(WORK TO COMPLETE) Return the lines of the data below, from the one containing "swisher lawn mower" through the very last, exactly and with both ends included; no pictures.

(SUPPLIED DATA)
* * *
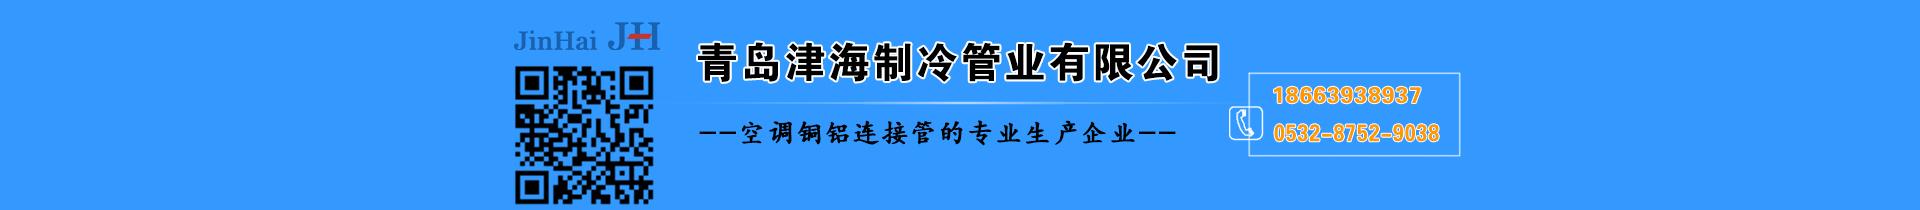 青岛津海制冷管业有限公司
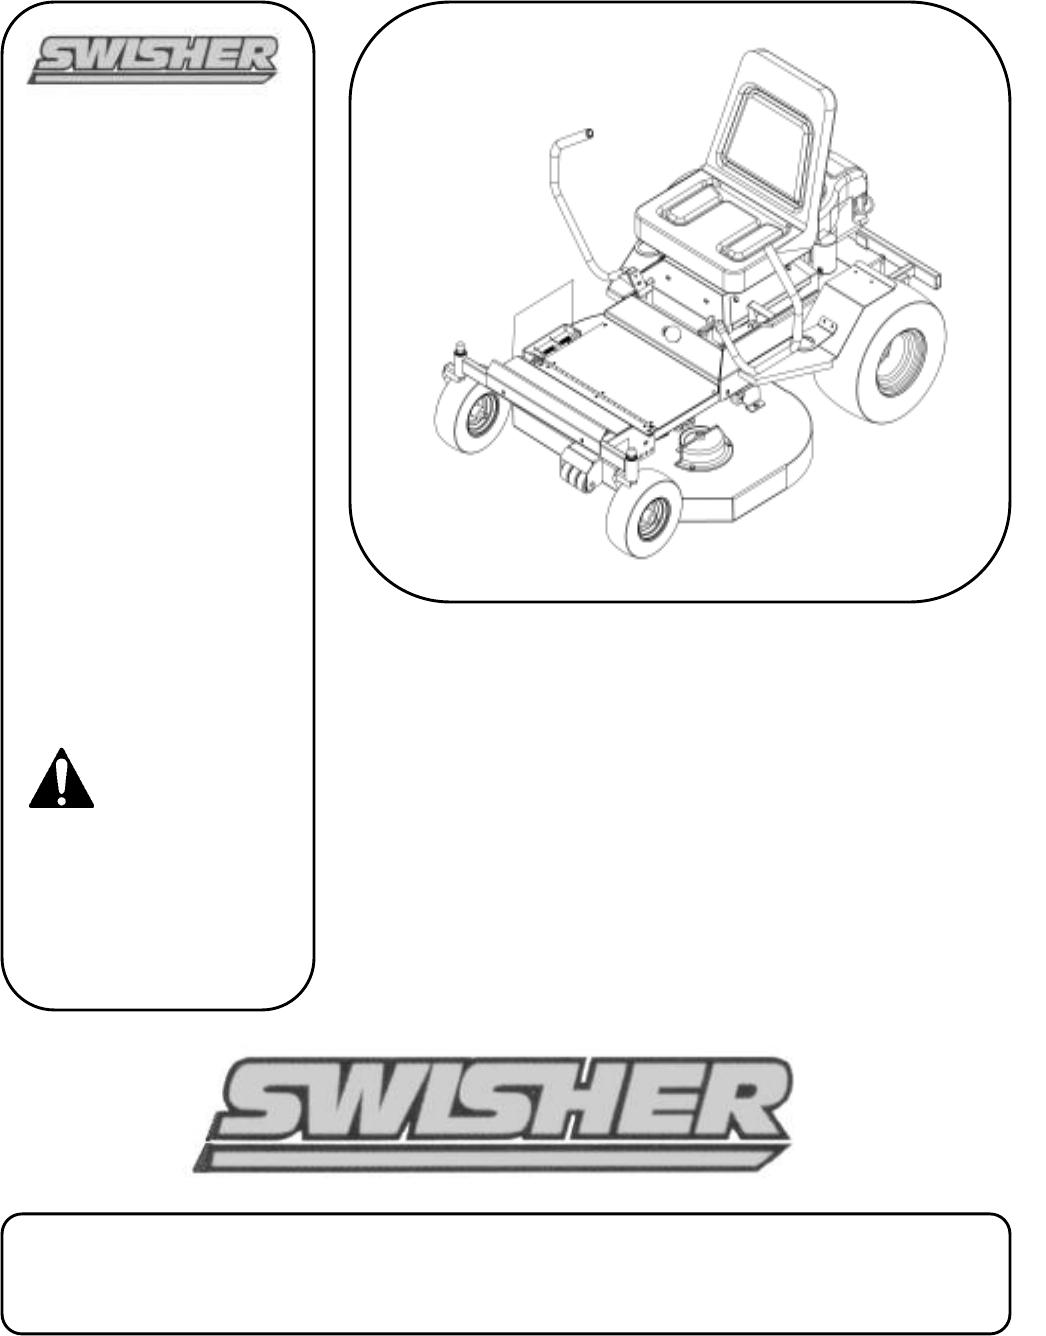 swisher lawn mower zt2250  zt1436b  zt18542 user guide swisher 44 trail mower manual swisher trail mower manual
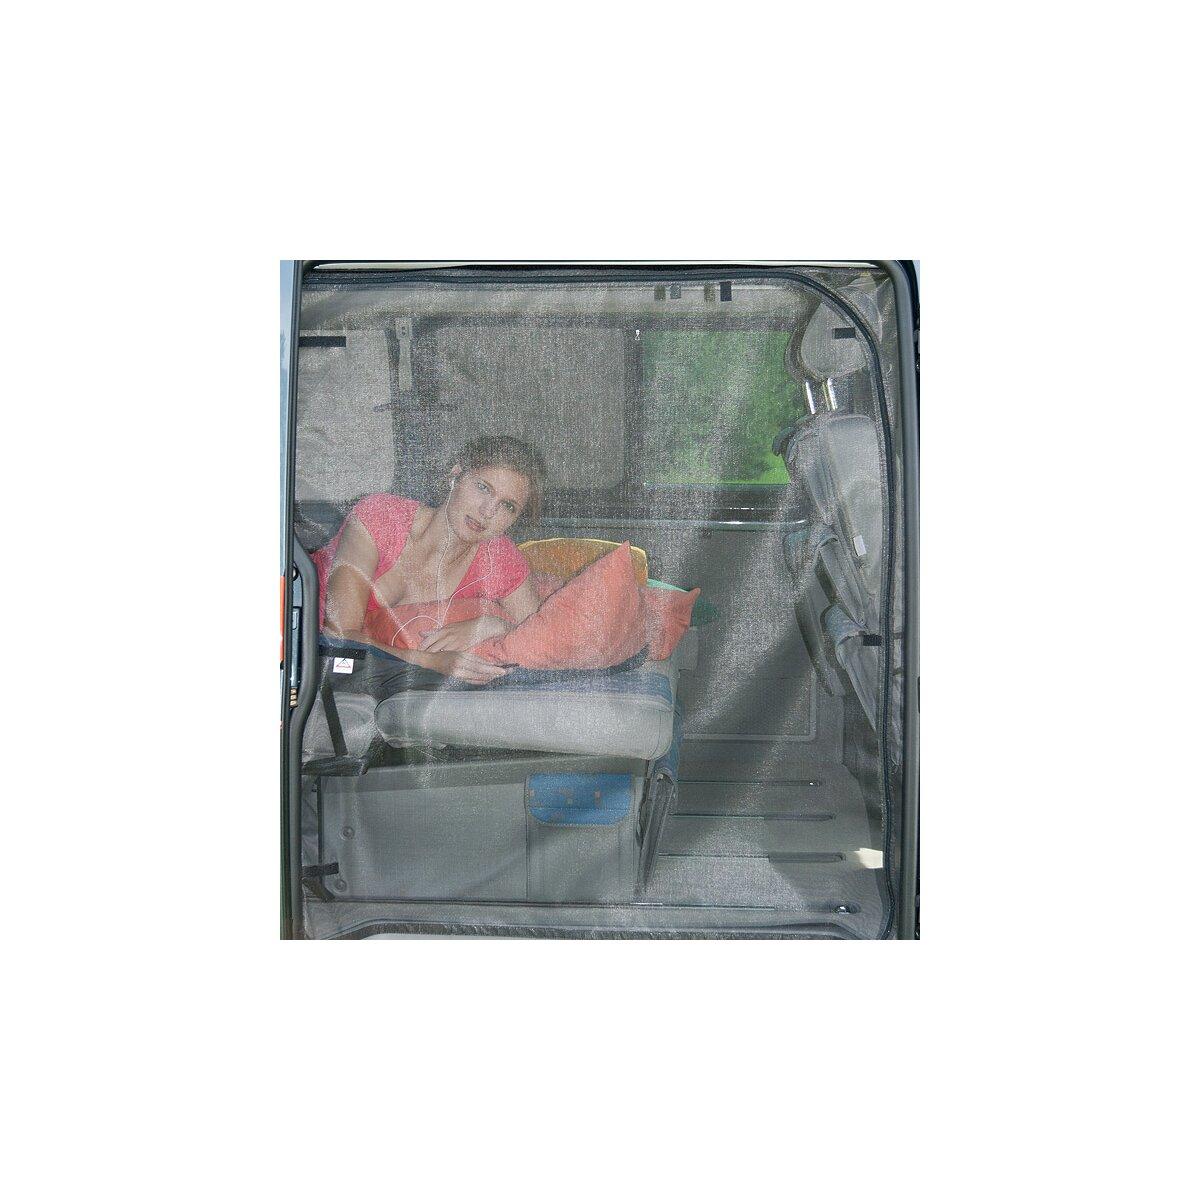 flyout schiebet r ffnung mit mittelrei verschluss. Black Bedroom Furniture Sets. Home Design Ideas
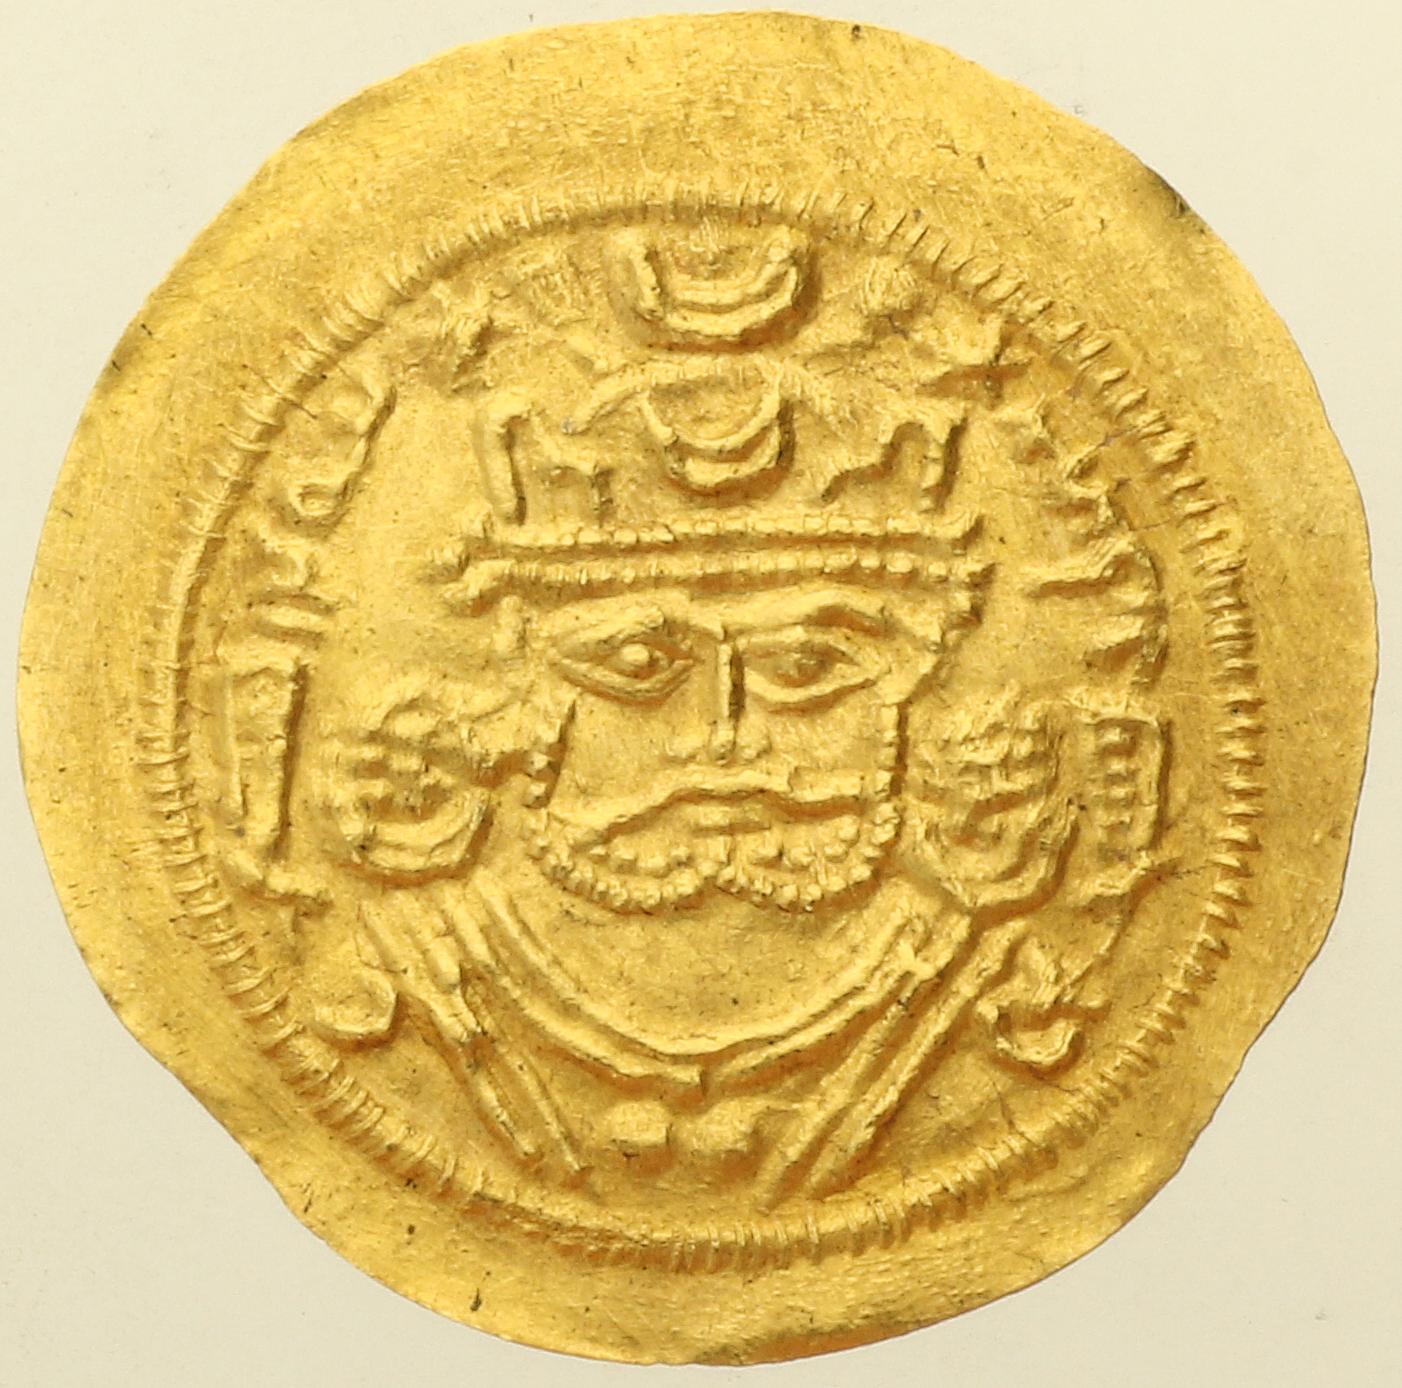 Sasanian Empire - Khusro II - dinar - AD 625
* * *
(YOUR SOLUTION)
 swisher lawn mower zt2250  zt1436b  zt18542 user guide swisher 44 trail mower manual swisher trail mower manual
 flyout schiebet r ffnung mit mittelrei verschluss. Black Bedroom Furniture Sets. Home Design Ideas
 Sasanian Empire - Khusro II - dinar - AD 625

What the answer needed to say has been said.